On Thu, Mar 28, 2024 at 9:55 AM Manu Zhang <owenzhang1...@gmail.com> wrote:
>
> I think Jan already created it
> https://github.com/apache/iceberg/issues/10043
>
> Jean-Baptiste Onofré <j...@nanthrax.net>于2024年3月28日 周四16:46写道:
>>
>> Hi Walaa,
>>
>> Yes, I think it would be great to create the GH Issue with the
>> proposal template, it would allow us to track the proposal and link
>> the doc (the comments should go in the doc directly).

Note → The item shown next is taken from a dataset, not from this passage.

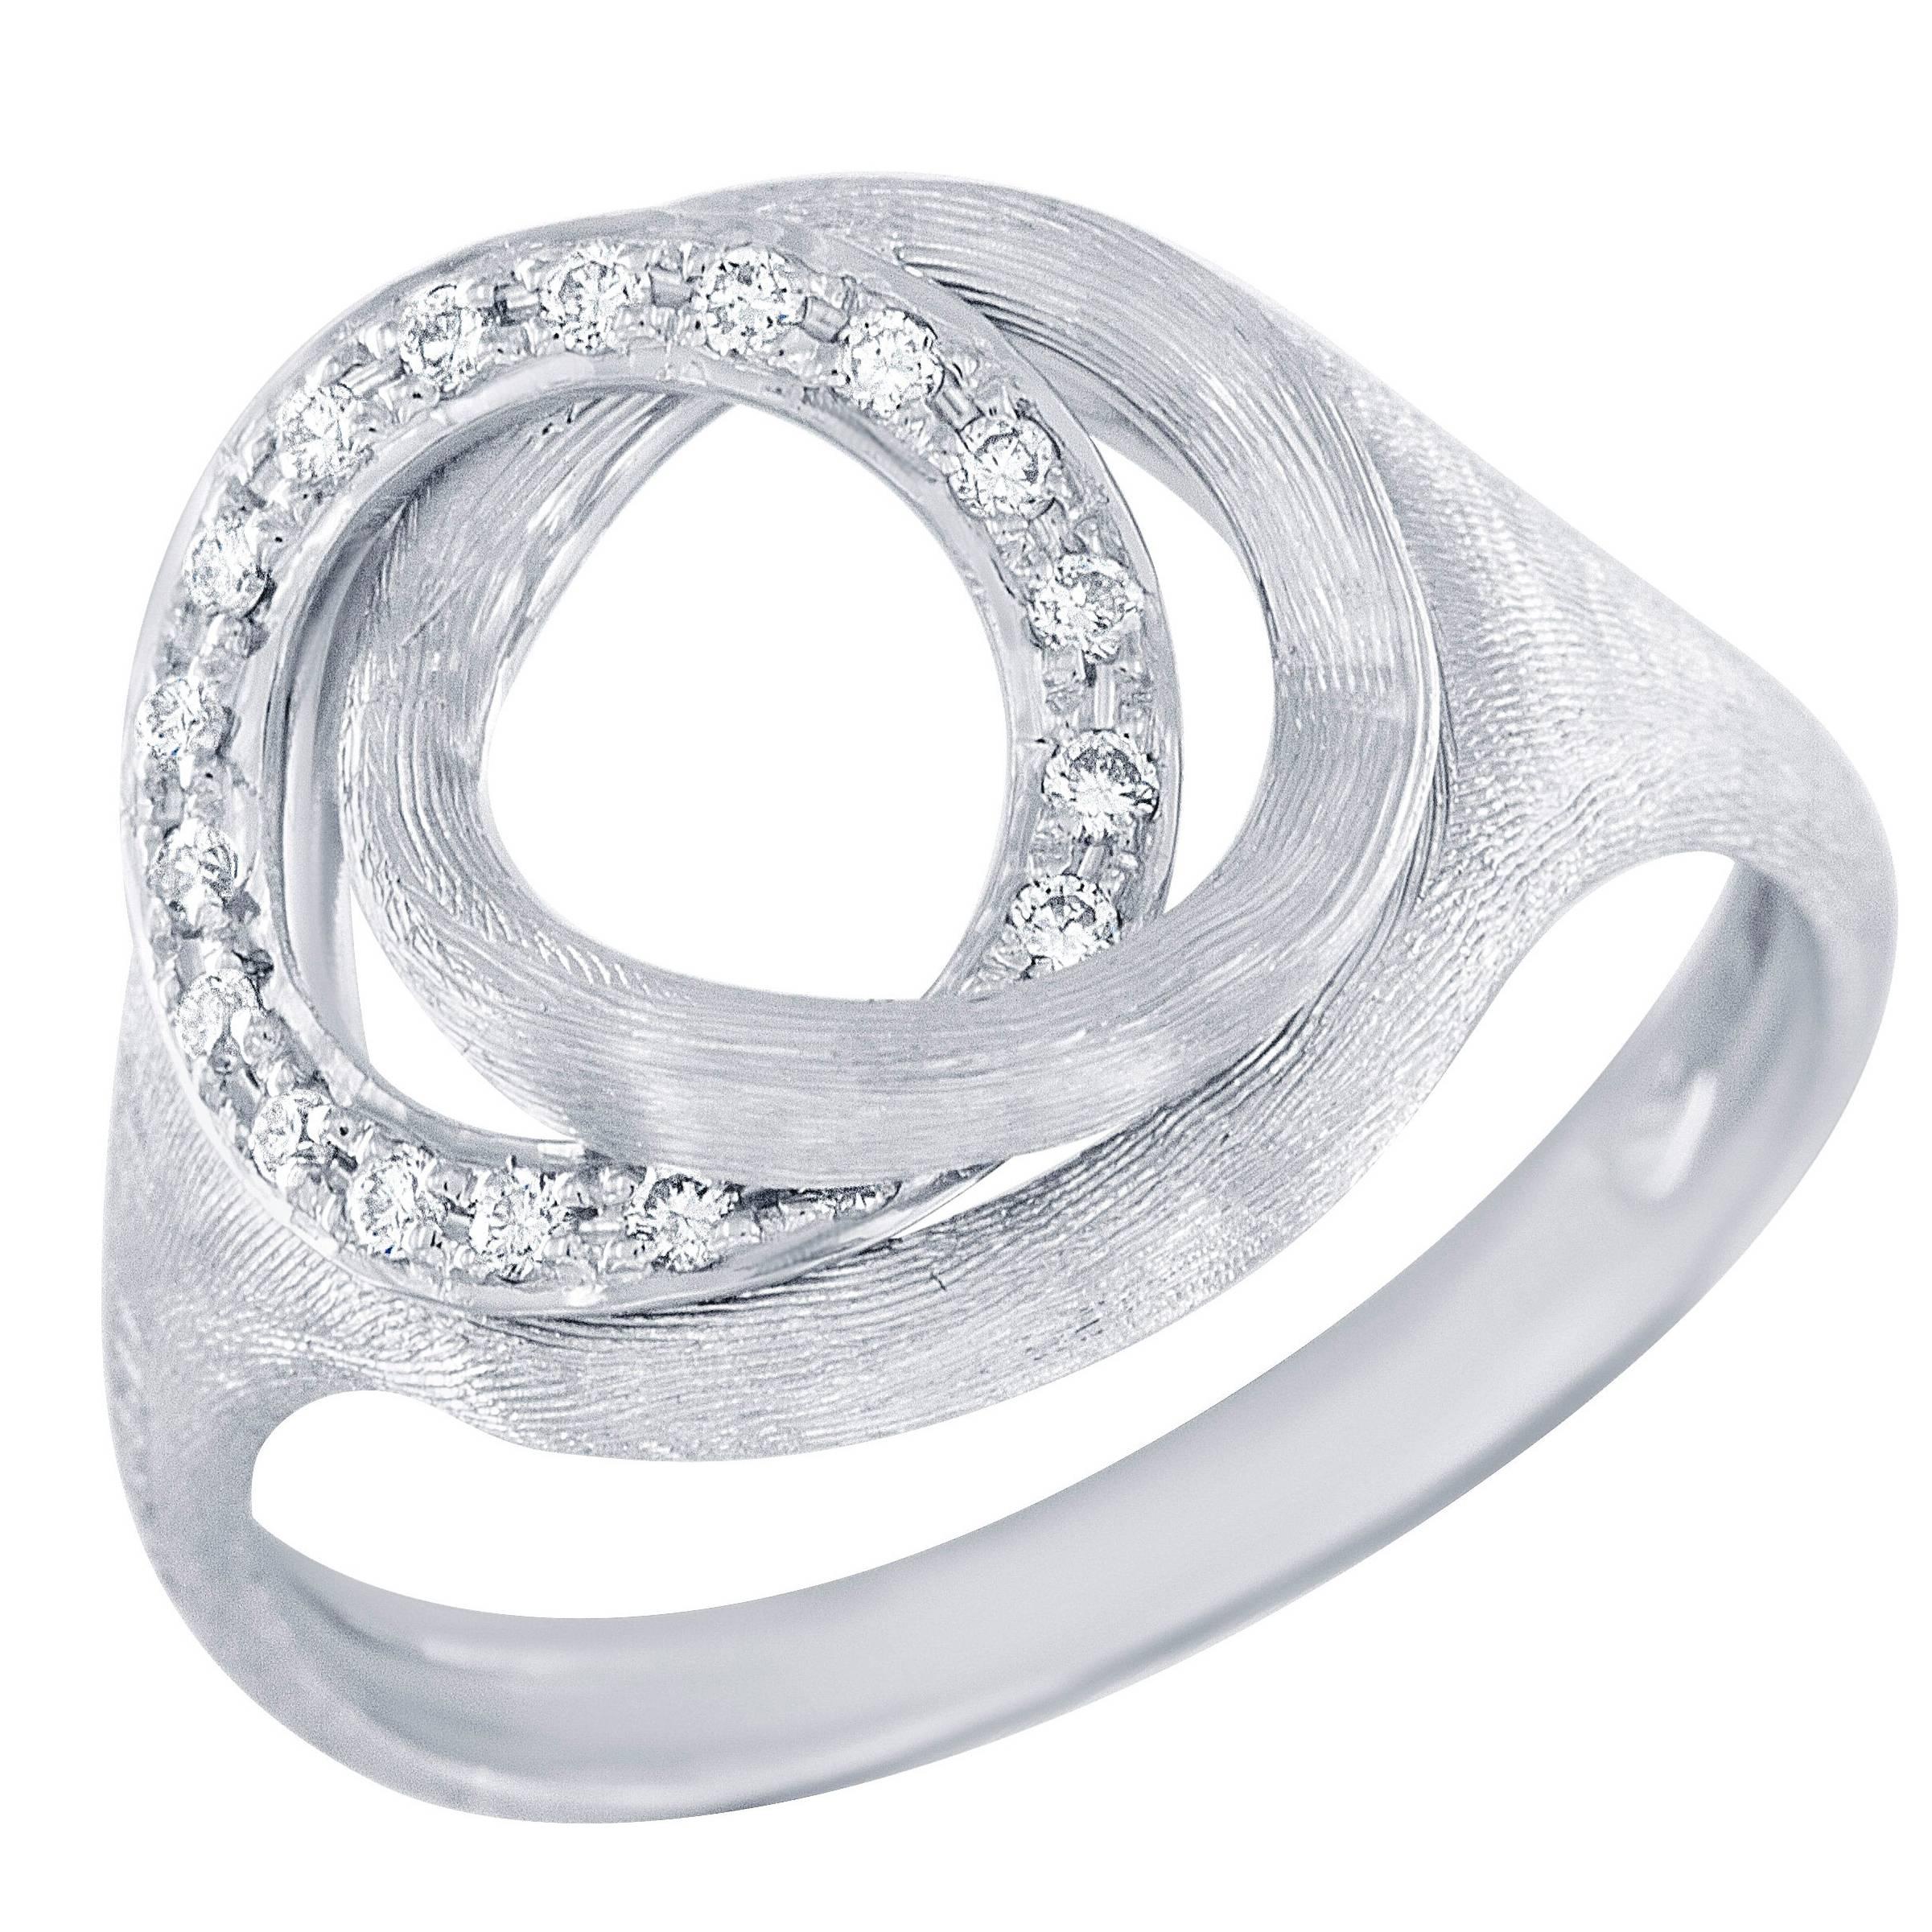 Marco Bicego 0.14 Carat Round Brilliant Cut Diamond White Gold Ring For Sale

>> Please, let me know if I can help on that.
>>
>> I'm working on a PR to list the proposals on the website and the
>> "stale reminder".
>>
>> Thanks !
>> Regards
>> JB
>>
>> On Thu, Mar 28, 2024 at 6:52 AM Walaa Eldin Moustafa
>> <wa.moust...@gmail.com> wrote:
>> >
>> > Do we need to create a proposal issue specifically to track this doc?
>> >
>> > Also, everyone, since there has been some updates, would be good to chime 
>> > in again to discuss the updates. (doc link here for convenience).
>> >
>> > Thanks,
>> > Walaa.
>> >
>> >
>> > On Tue, Mar 26, 2024 at 11:37 PM Jean-Baptiste Onofré <j...@nanthrax.net> 
>> > wrote:
>> >>
>> >> It sounds good. I would also propose to use the "proposal process":
>> >> creating a github issue with the "proposal" tag and link the document
>> >> there in a comment.
>> >>
>> >> Regards
>> >> JB
>> >>
>> >> On Tue, Mar 26, 2024 at 3:05 PM Walaa Eldin Moustafa
>> >> <wa.moust...@gmail.com> wrote:
>> >> >
>> >> > Thanks Jan! To avoid spreading discussions on multiple places, I will 
>> >> > continue the comments on the doc. Also it is easier to run into 
>> >> > communication gaps in email threads since effectively we have one 
>> >> > thread, but in docs we have many.
>> >> >
>> >> > Thanks,
>> >> > Walaa.
>> >> >
>> >> > On Tue, Mar 26, 2024 at 6:27 AM Jan Kaul <jank...@mailbox.org.invalid> 
>> >> > wrote:
>> >> >>
>> >> >> I've added a description to the "Combined metadata" Option of Walaa's 
>> >> >> document. I'm also adding it here:
>> >> >>
>> >> >> This option treats the underlying view and storage table as a combined 
>> >> >> catalog object. The operation of this combined approach can be best 
>> >> >> demonstrated by looking at the different layers of the Iceberg 
>> >> >> implementation. In the top layer is the Iceberg library that interacts 
>> >> >> with a particular Iceberg catalog. The catalog handles the access to 
>> >> >> the metadata storage.
>> >> >> This option uses a combined storage object to store view and table 
>> >> >> metadata related to the materialized view. To avoid the definition of 
>> >> >> an entirely new metadata format, the storage object is composed of the 
>> >> >> view and table metadata. Additionally the combined storage object has 
>> >> >> a single identifier in the catalogs. The Iceberg library treats the 
>> >> >> materialized view as a separate view and a storage table object, it is 
>> >> >> only at the catalog and storage layer that the materialized view is 
>> >> >> treated as a single entity.
>> >> >> To reuse most of the existing TableCatalog, ViewCatalog and their 
>> >> >> operations, the table and view catalog can be thought of as “filters” 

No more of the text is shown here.